Search engines go through Allow and Disallow directives. But they don’t follow rules from first to last. Bots go from short to long. The ‘.’ is added after the last rule is processed:
User-agent: * Allow: */uploads Disallow: /wp-
The system reads the code as follows:
User-agent: * Disallow: /wp- Allow: */uploads
For example, a bot checks the /wp-content/uploads/file.jpg URL. Then Disallow: /wp- tells a machine that no check is required, while Allow: */uploads opens any necessary page for scanning. A tip to sort the code properly: the more symbols the certain rule in robots.txt has, the sooner it will be processed. If the number of symbols is the same, the priority will be given to Allow.
Use A WordPress Plugin
We’d like to tell about the plugin that can simplify your work with robots.txt. You no longer need to create the file and move it to the root folder. Clearfy can do that for you. All you need to do is to add the necessary directives and create rules. Download and install the plugin. Go to the admin section and open plugin settings.
Here’s the path:
Settings => Clearfy menu => SEO
Find Create right robots.txt and activate it by pressing ON.
Once activated, it opens the additional field where you can add rules for robots.txt. You can copy the code for the correct indexing.

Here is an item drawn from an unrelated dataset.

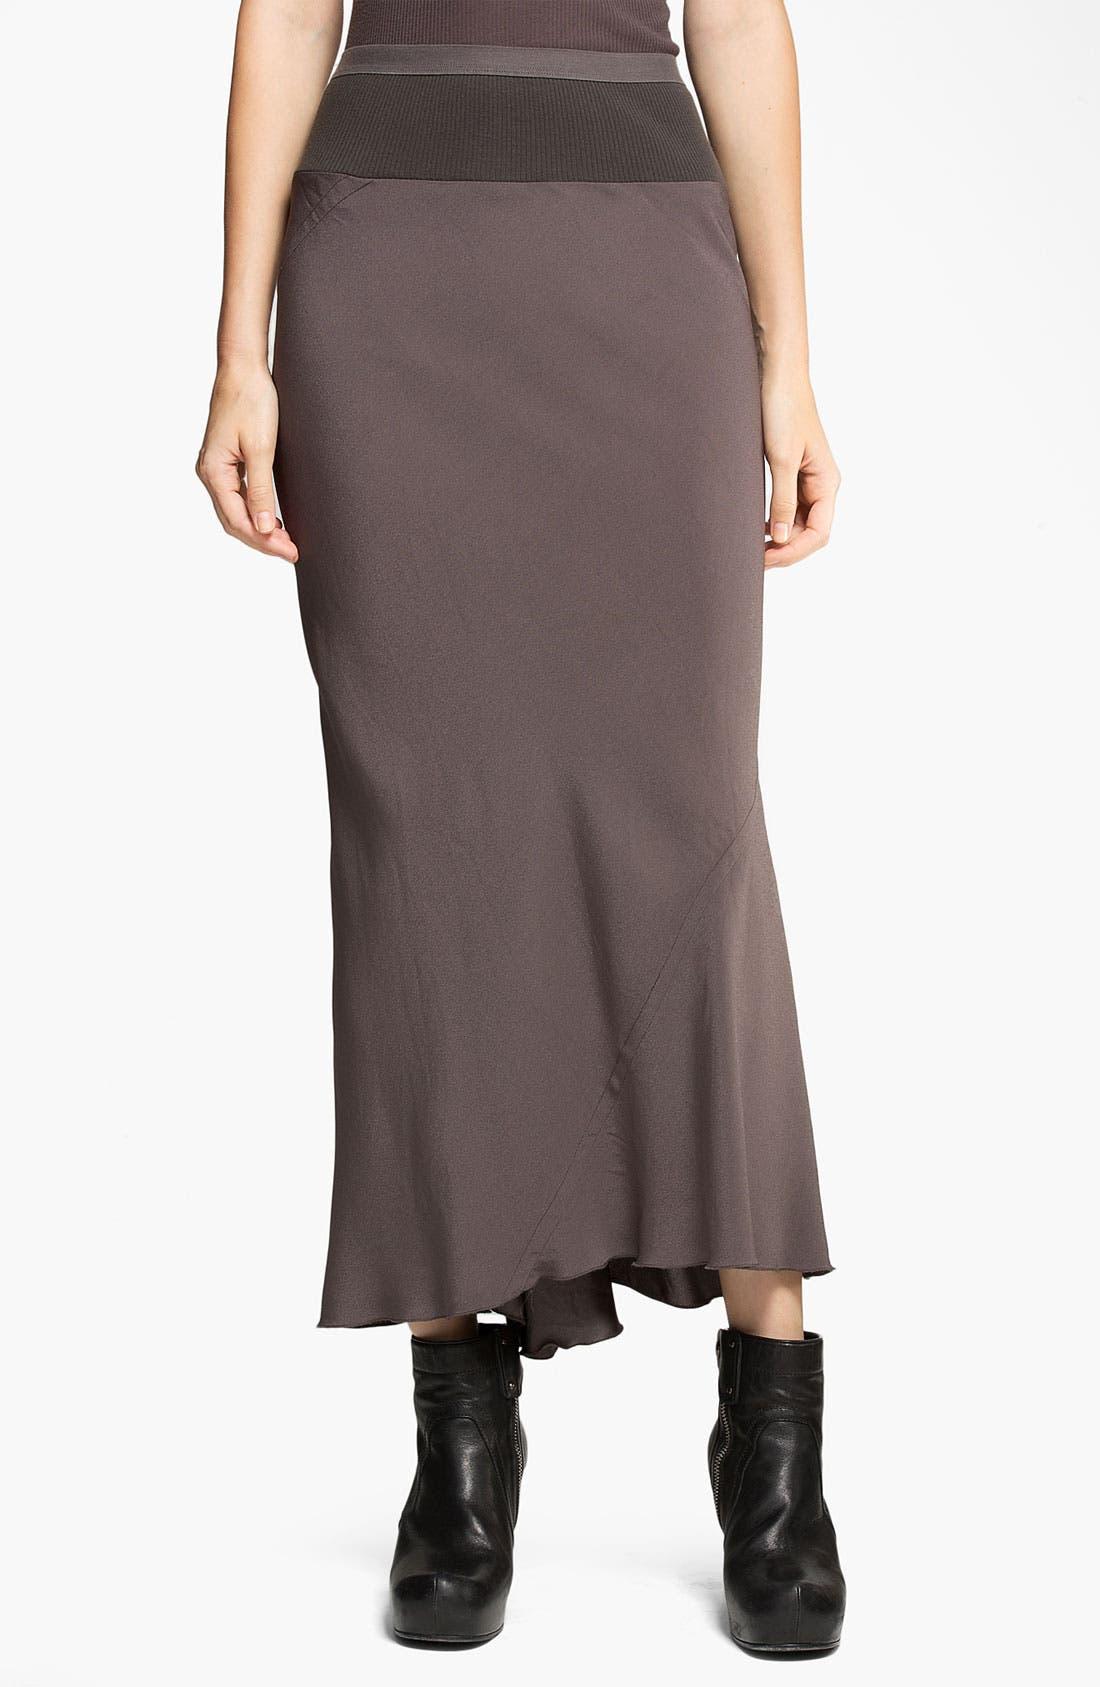 Alternate Image 1 Selected - Rick Owens Crepe Midi Skirt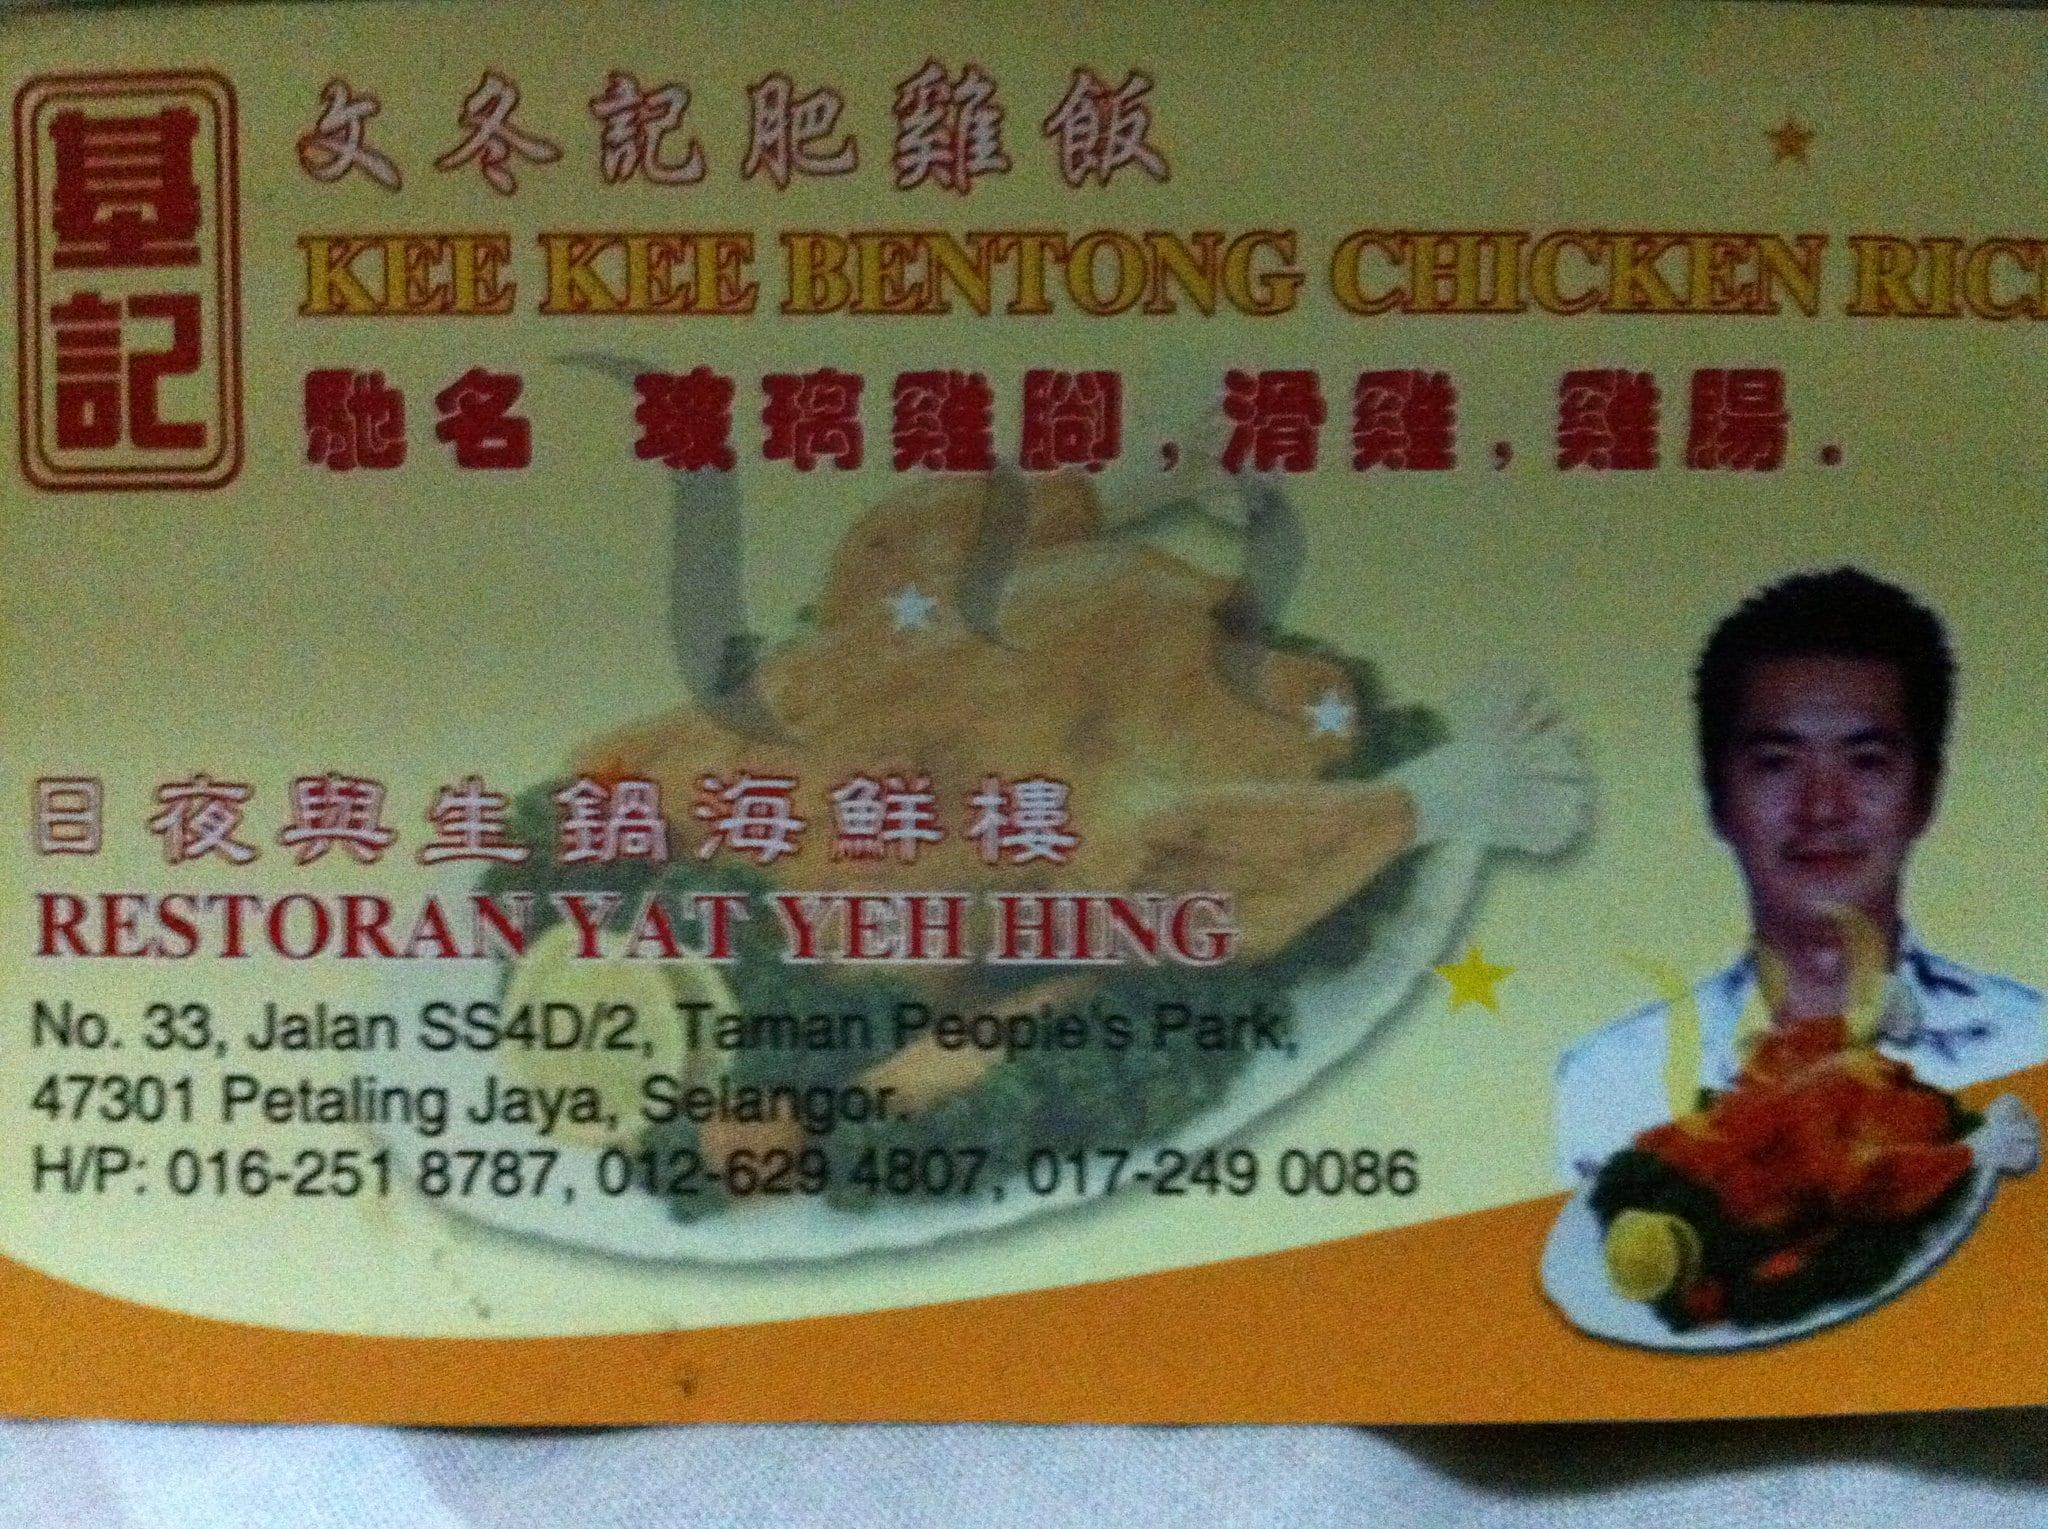 Kee Kee Bentong Chicken Rice @ PJ

With this plugin, you don’t have to upload robots.txt to hosting and download it whenever you change something.
Conclusion
In this article, we’ve taught you how to create rules for robots.txt. Always start with creating a file and adding codes. Then place it to the root folder on hosting. You can skip this part with Clearfy. This optimization plugin can do all the job. However, you will still need to add rules manually. It means, that there is no way to exclude pages from search automatically.
You’ll notice the effect of changing robots.txt in two months. It doesn’t spread on new websites. So it’s better to improve indexing starting now.